POLITICO. Bam. Got it (FINALLY!): Mitch McConnell quotes:
McConnell … call(ed) the battle over JASTA a “good example” of “failure to communicate early about the potential consequences” of a popular bill.
“I told the president the other day that this is an example of an issue that we should have talked about much earlier,” McConnell said Thursday. “It appears as if there may be some unintended ramifications of that and I do think it’s worth further discussing. But it was certainly not something that was going to be fixed this week.”
“Everybody was aware of who the potential beneficiaries were but no one had really focused on the potential downside in terms of our international relationships. And I think it was just a ball dropped,” McConnell said. “I hate to blame everything on him and I don’t, [but] it would have been helpful if we had a discussion about this much earlier than the last week.”

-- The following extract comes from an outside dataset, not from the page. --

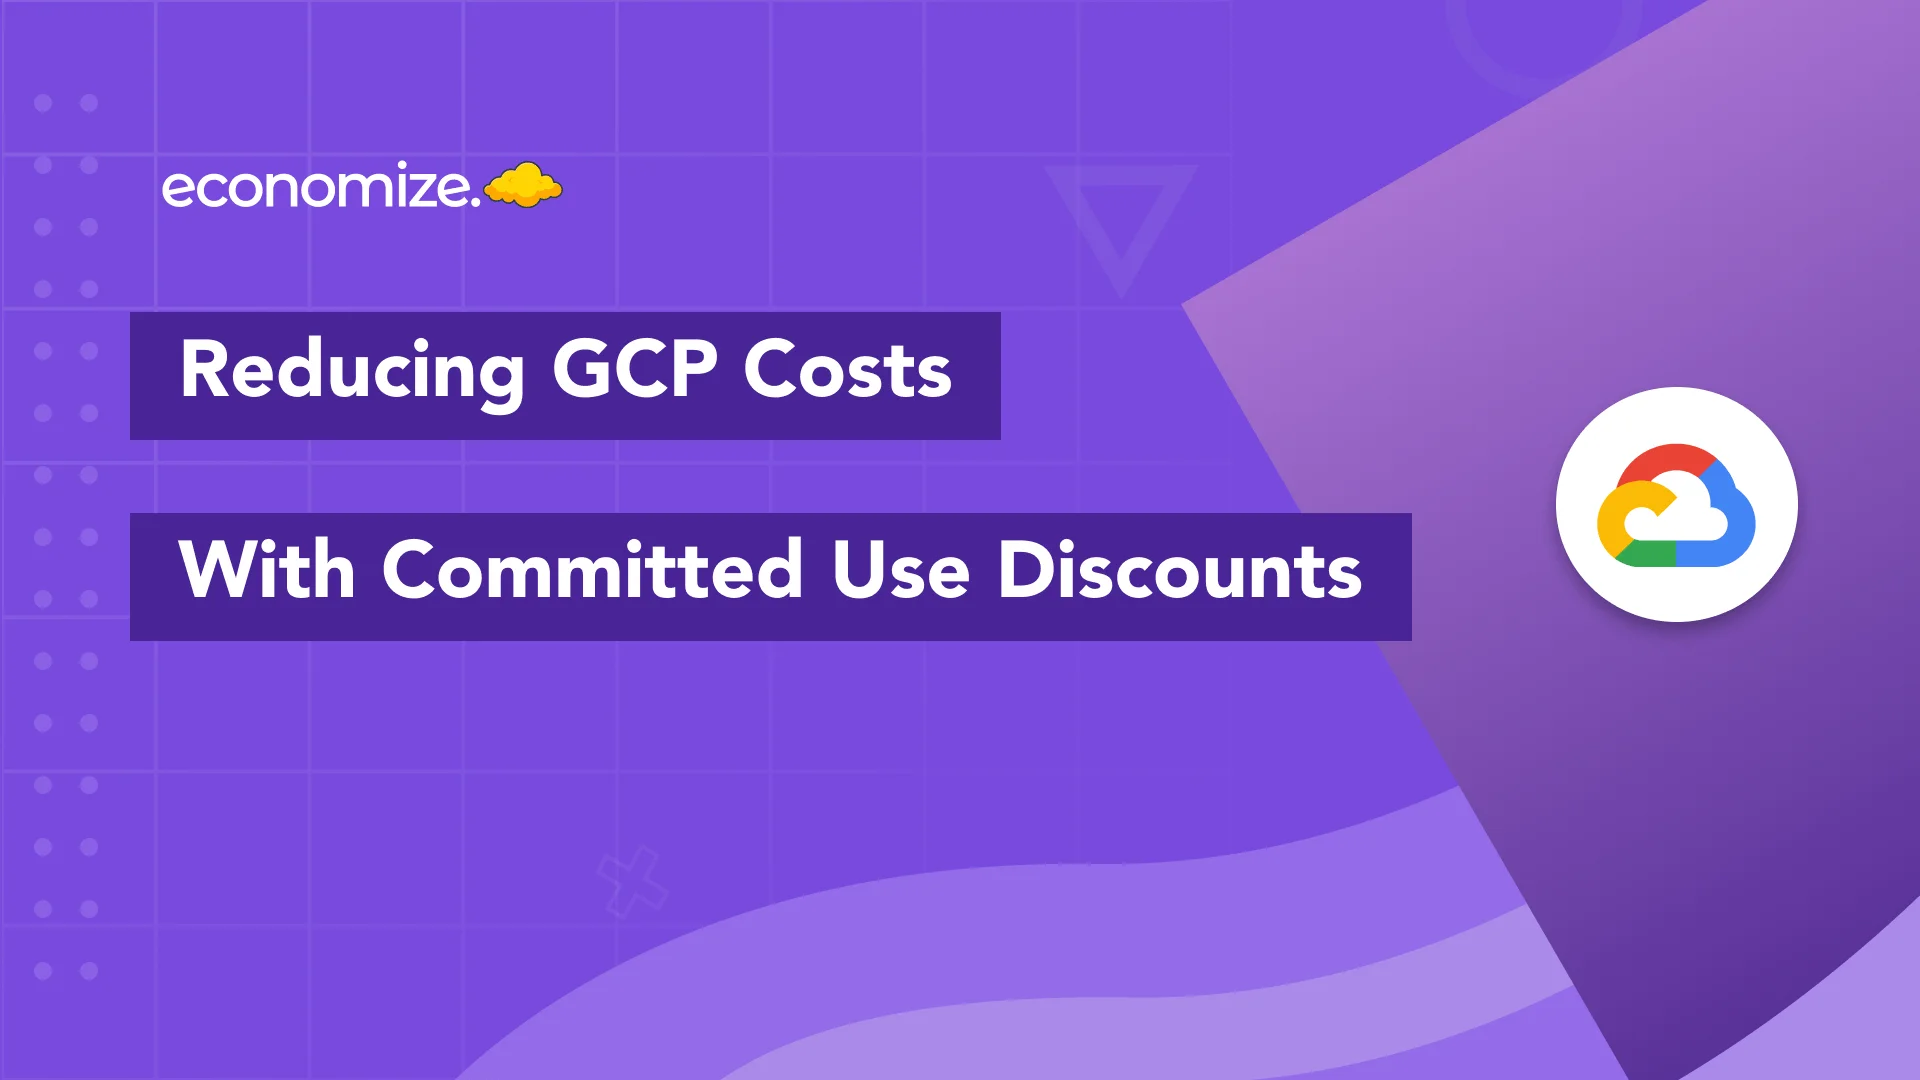 Google Committed Use Discounts, Pricing, Best Practices, Cost Optimization, GCP, CUD

Cripes! This election season is crazy! Before this cycle, click-bait titles tended to reveal articles that proved the title to be disingenuous or mis-leading. The truth was usually less dramatic. But now, especially with the Trump stories, I’m finding the content of the article reveals something worse than what the title implied.
Why did the other news pieces omit this: McConnell said, “I hate to blame everything on (the president) and I don’t, it would have been helpful if we had a discussion about this much earlier than the last week.”
On the surface, perhaps, the editors judged this statement as weakening his blame-thrower. In fact, it’s the opposite.
What’s going on here? I think I get it. They’re writing stories where there’s NO nuance, NO reading between the lines, NO inferences to be made. No ‘reading the air‘ as they do in Japan. Our media writes stories for us to digest whole, with little to no mastication of thoughts. If I’m reading this right, the editors believe that to Americans, McConnell’s weasel words would have muddled the message. In fact, his weasel words come across to me as an admission that he’s unfairly blaming Obama here. He full well knows, unlike Huff Po, that Obama has been discussing this problematic bill for the past 5 months.
My head is spinning.
So our elected officials are so pre-occupied with blaming the other side of the aisle, they can’t be bothered to understand the very laws they draft and pass.
And our media is so pre-occupied with page clicks, they dumb the message down for instant consumption. Oh there’s still bias, but they’re willing to sacrifice some measure of spin for a direct interpretation-free mainline message injection straight into your brain. No wonder we soak this stuff up.
I’m done for the day. This election cycle is disgusting. And I’ve only mentioned Trump in passing. Pfft.